Monday, January 12, 2009

Entry #67

Freedom
by Lauren Plouffe


“I wonder what would happen if I fell flat on my face and my hair got dragged into the conveyor at the top of this thing or if I tripped this woman behind me and it happened to her, would I be arrested?” These were the thoughts going through my head as I ascended the escalator to the baggage claim area of Logan airport. “Would my luggage get sent to the address on the tag, shocking my parents months after my death? Or would it just get rummaged through, the Christmas presents stolen and the rest discarded.” I'm pretty sure these thoughts aren't normal.

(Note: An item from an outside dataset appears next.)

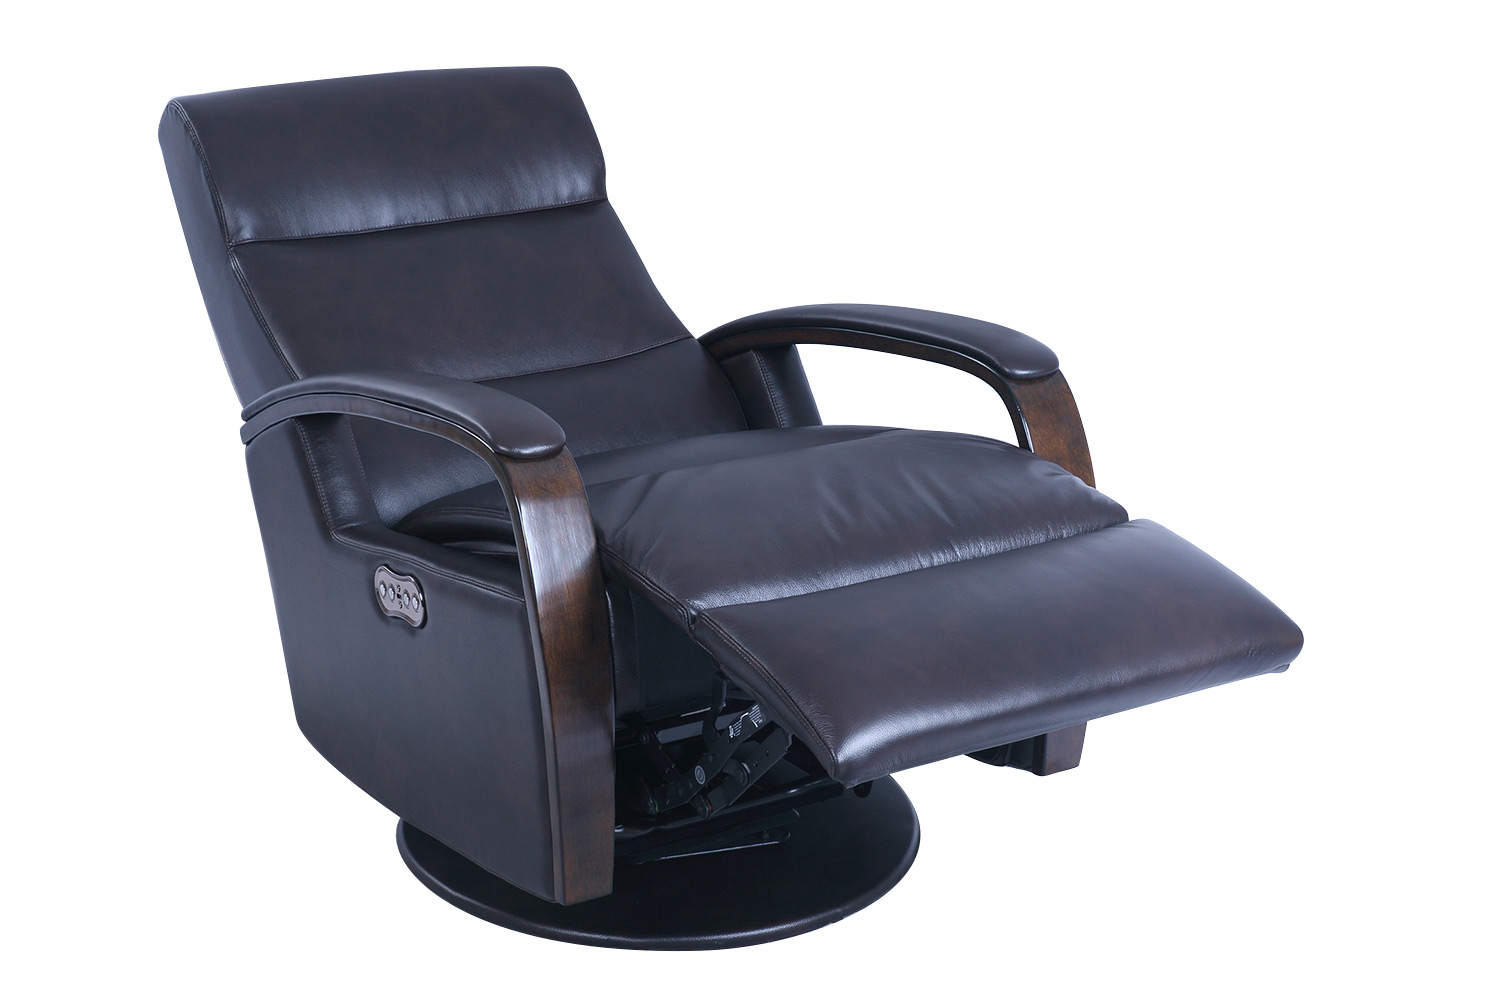 Barcalounger Carlos Swivel Glider Power Recliner Chair with Power Head Rest - Dobson Chocolate/Leather Match

I'm on my way home for Christmas for the first time in four years. I've been living halfway around the world in a vain attempt to find myself. It sounds pretentious, but its true. My family loves me and they want me to come home, but I don't ever feel ready enough. Teaching in Korea is a life of absolute freedom from responsibility. I don't even have to pay my own rent, it's like I'm playacting at being adult. Working, sure. Supporting myself, absolutely. But without ever having to learn how to interact with others. It's a joke. Suddenly, I see my Dad. It's funny how he looks different but at the same time exactly the same. “Oh, I've missed you” We say. And it's true, but as I'm enveloped in my father's hug, I am already thinking about how long I'm staying this time.

11 comments:

laughingwolf said...

tough to 'grow up'....

JR's Thumbprints said...

Perhaps your character would've preferred an accident or murder over visiting family over the holidays; however, she did make the right choice in the end.

Lauren said...

wow, didn't even think that this would get read.

Lena said...

Loved her thought flow. Very realistic. :)
Nicely done!

McKoala said...

The ending works really well.

Sameera Ansari said...

Imagining the first two lines scared me!

Nicely done.

Sarah Hina said...

Nicely authentic take on the shackles of responsibility. I understand her feelings when embracing her father. We do love our families, and yet they bind, too.

Maybe it can be less about finding ourselves, than escaping. Enjoyed your thoughts and writing here. :)

JaneyV said...

This is close to home!

Catherine Vibert said...

Pretentious or not, there is something liberating about going far away to find oneself. And there is something painful about families for so many. I can relate to this character.

Esther Avila said...

it's nice to go away and nice to come back - nice job in giving us a glimpse into what she was thinking and how she felt.

Anonymous said...

Great job with pacing, entertainment value, technical skill, storytelling, and voice! And welcome to the Forties Club!!

Thanks for being a wonderful part of the contest.